Previously, we demonstrated that IgG ACPAs, in contrast to other antigen‐specific IgG molecules (e.g., IgG against tetanus toxoid), are hyperglycosylated in the V domain in patients with established RA. These glycans are biantennary N‐linked glycans that are fully galactosylated and sialylated 12, 13. Although ACPA can be present before disease onset in individuals who will eventually develop RA, the V‐domain glycosylation state of ACPA has not been studied in the predisease phase. To address this question, IgG ACPAs were isolated from the serum of ACPA‐positive Indigenous North American patients with RA and their unaffected ACPA‐positive FDRs. By analyzing an initial cross‐sectional set of samples, we observed that FDR‐derived IgG ACPA showed, on average, substantially lower levels of V‐domain glycosylation than IgG ACPA from patients with established RA (Supplementary Figure 3A, http://onlinelibrary.wiley.com/doi/10.1002/art.40920/abstract).
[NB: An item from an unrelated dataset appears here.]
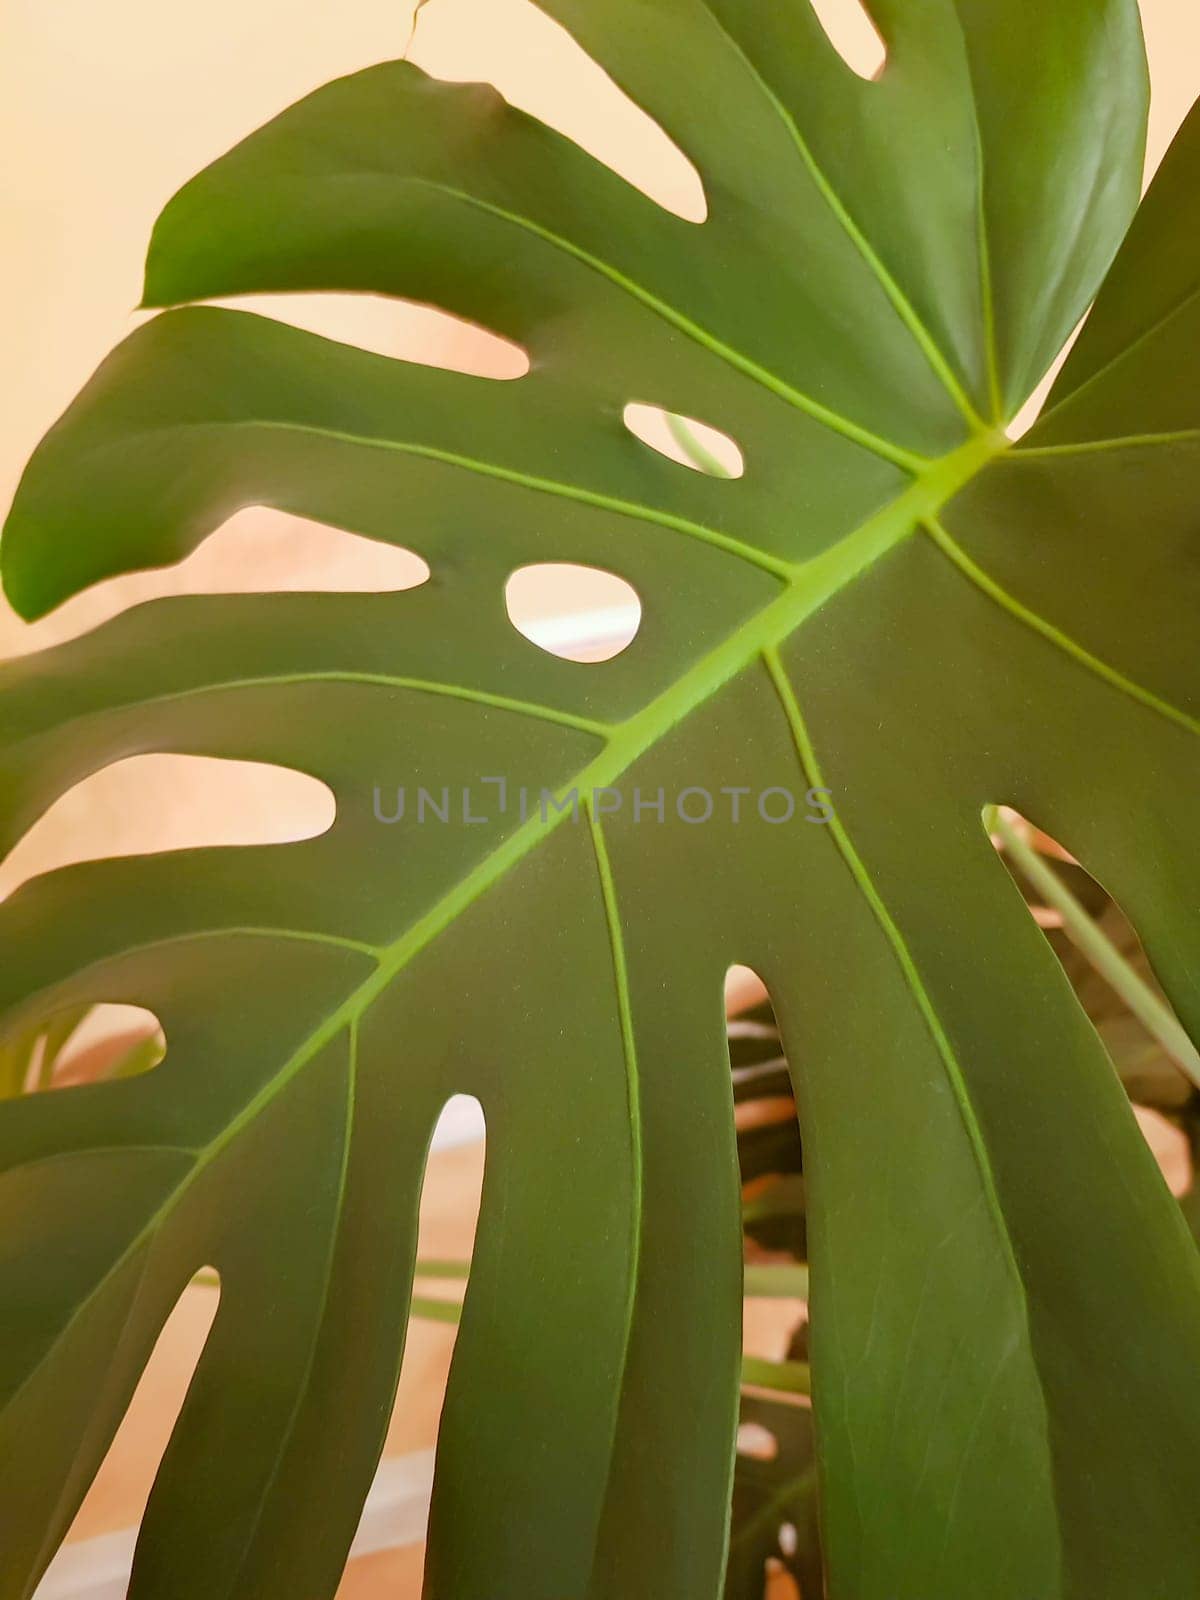 Monstera leaf close-up on a yellow background, vertical.

Notably, the levels of V‐domain glycosylation of IgG ACPA isolated from Indigenous North American RA patients were comparable to the levels we previously reported in Dutch RA patients (112% versus 93%, respectively) 12. Additionally, tetanus toxoid–specific IgG in Indigenous North American RA patients did not show the enhanced V‐domain N‐glycosylation observed in IgG ACPA, which is consistent with our previous observations in Dutch RA patients (data not shown) 13, 14.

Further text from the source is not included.